Pria jadi tidak percaya diri saat akan bercinta dengan pasangan. Mereka merasa seperti tidak mampu memberikan yang terbaik karena saat bercinta pasangan harus membantunya untuk membuat penis ereksi kembali.

Coba kenali penyebab susah ereksi berikut ini:

  1. Jarang berolahraga

Ereksi yang maksimal dipicu oleh aliran darah yang mengalir dengan kaut ke penis. Kalau aliran darah ini tidak berjalan dengan lancar, penis akan susah menjadi keras dan darah kembali lagi ke seluruh tubuh. Kalau pria memiliki tubuh yang bugar dan aliran darahnya berjalan dengan baik, penis akan ereksi dengan lancar dan lama.

Kalau Anda ingin mendapatkan ereksi yang lebih lama coba untuk melakukan olahraga jenis kardio seperti lari selama 20 menit setiap pagi. Kalau napas Anda tidak kuat coba untuk jalan kaki sejauh 2 km atau senam aerobik.

  1. Merokok terlalu sering

Sering merokok akan menyebabkan radikal bebas dan racun masuk ke dalam aliran darah dengan cepat. Masuknya racun ke dalam aliran darah ini menyebabkan penis susah sekali mendapatkan ereksi yang sempurna. Darah susah masuk ke jaringan yang ada di penis akibat ada kerusakan yang terjadi.

Kondisi susah mempertahankan ereksi ini lama-lama menyebabkan jaringan pembuluh darah di penis jadi rusak. Akibatnya impotensi yang lebih parah dan mungkin permanen bisa terjadi. Tidak mau seperti ini, kan?

  1. Kadar lemak tinggi

Kadar lemak di dalam tubuh menyebabkan banyak masalah pada pria. Salah satu masalah yang akan terjadi adalah penurunan kualitas dari ereksi. Area di sekitar pelvis akan ditumbuhi banyak jaringan lemak yang menyebabkan terjadinya penyumbatan aliran darah secara masif.

Kalau Anda tidak ingin mengalami gangguan ereksi yang mengganggu kehidupan seks, coba atur pola makan dan turunkan kadar lemak di dalam tubuh. Penurunan kadar lemak ini akan membuat tubuh menjadi lebih sehat sehingga peluang terjadi ereksi maksimal bisa terjadi.

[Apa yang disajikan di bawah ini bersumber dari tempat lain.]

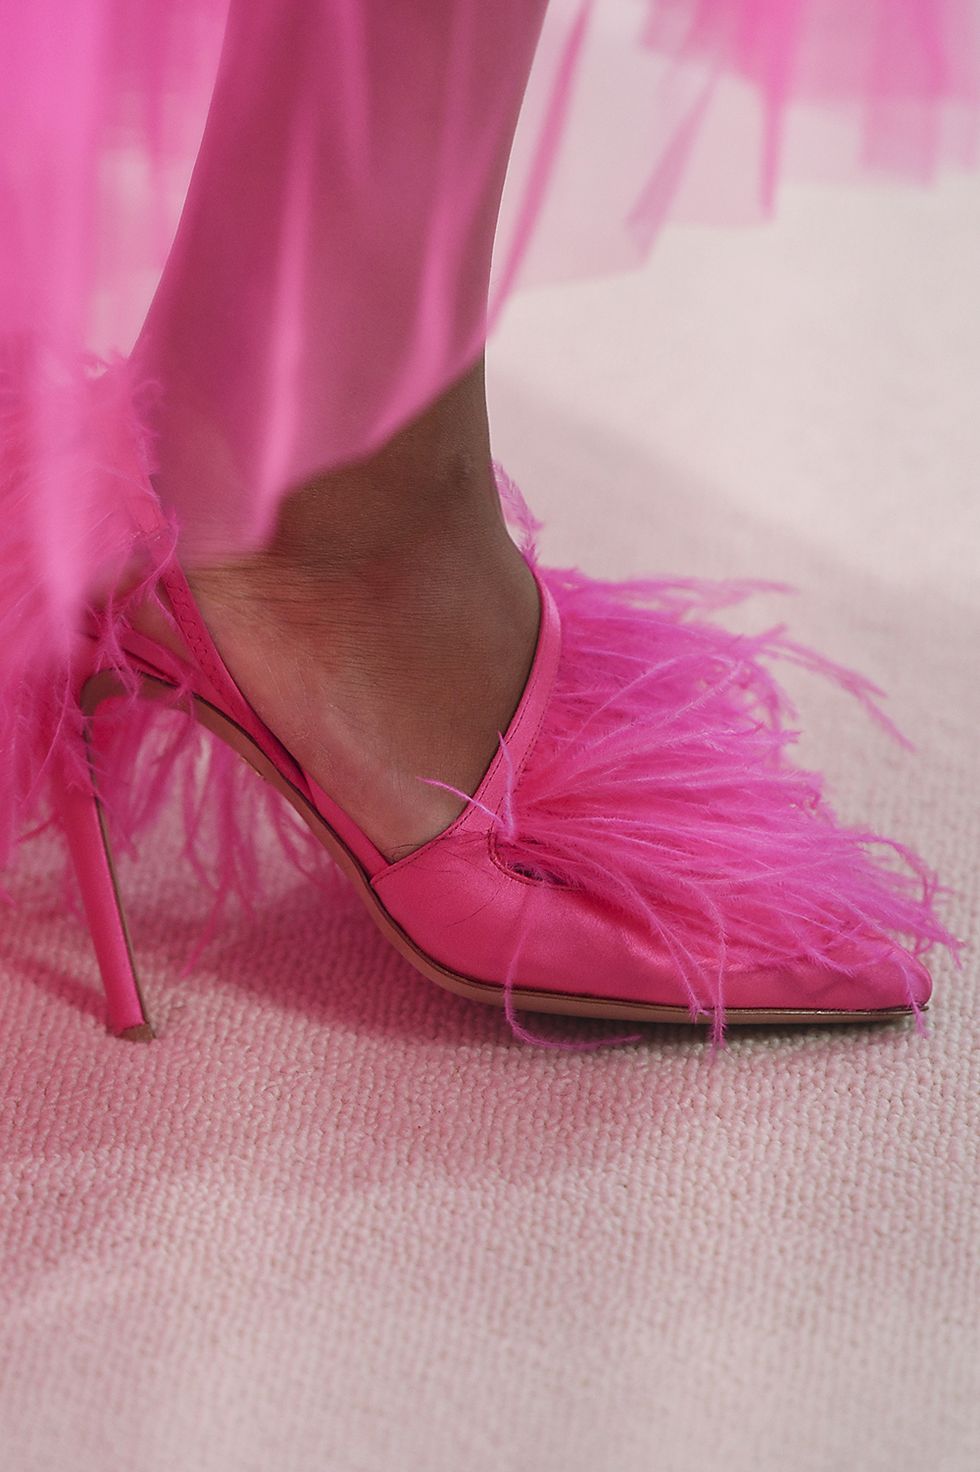 Footwear, Pink, Shoe, Red, High heels, Leg, Magenta, Dress, Dance, Haute couture,

Selain itu, tubuh yang kadar lemaknya rendah juga tidak mudah mendapatkan diabetes. Penyakit gula darah ini akan mematikan kemampuan ereksi pria perlahan-lahan.

  1. Terlalu banyak kafein

Kafein yang dikonsumsi dalam jumlah yang tepat akan memberikan banyak manfaat khususnya untuk masalah mempertahankan ereksi. Pria yang mengonsumsi kopi 1-2 cangkir sebelum bercinta bisa mendapatkan seks yang jauh lebih intens dan orgasme yang didapatkan hebat.

Sayangnya kalau kafein yang dikonsumsi terlalu banyak, pria akan mengalami gangguan berupa anyang-anyangan. Kondisi sering kebelet kencing ini akan mengganggu kekuatan ereksi.

  1. Istirahat tidak cukup

Pria yang terlalu capai bekerja dan pikirannya terlalu berat akan mengalami gangguan ereksi yang cukup parah. Pria akan susah sekali mendapatkan ereksi maksimal atau tidak mendapatkannya sama sekali. Hal ini bisa terjadi karena tubuh yang capai cenderung rendah libidonya.

Kalau ingin mendapatkan ereksi yang maksimal, istirahatlah dengan cukup. Setiap hari tidur minimal 6 jam agar kondisi tubuh selalu prima.

Semoga kita tidak mengalami gangguan ereksi, ya. Kalau sampai gangguan terjadi, kehidupan seks akan terganggu.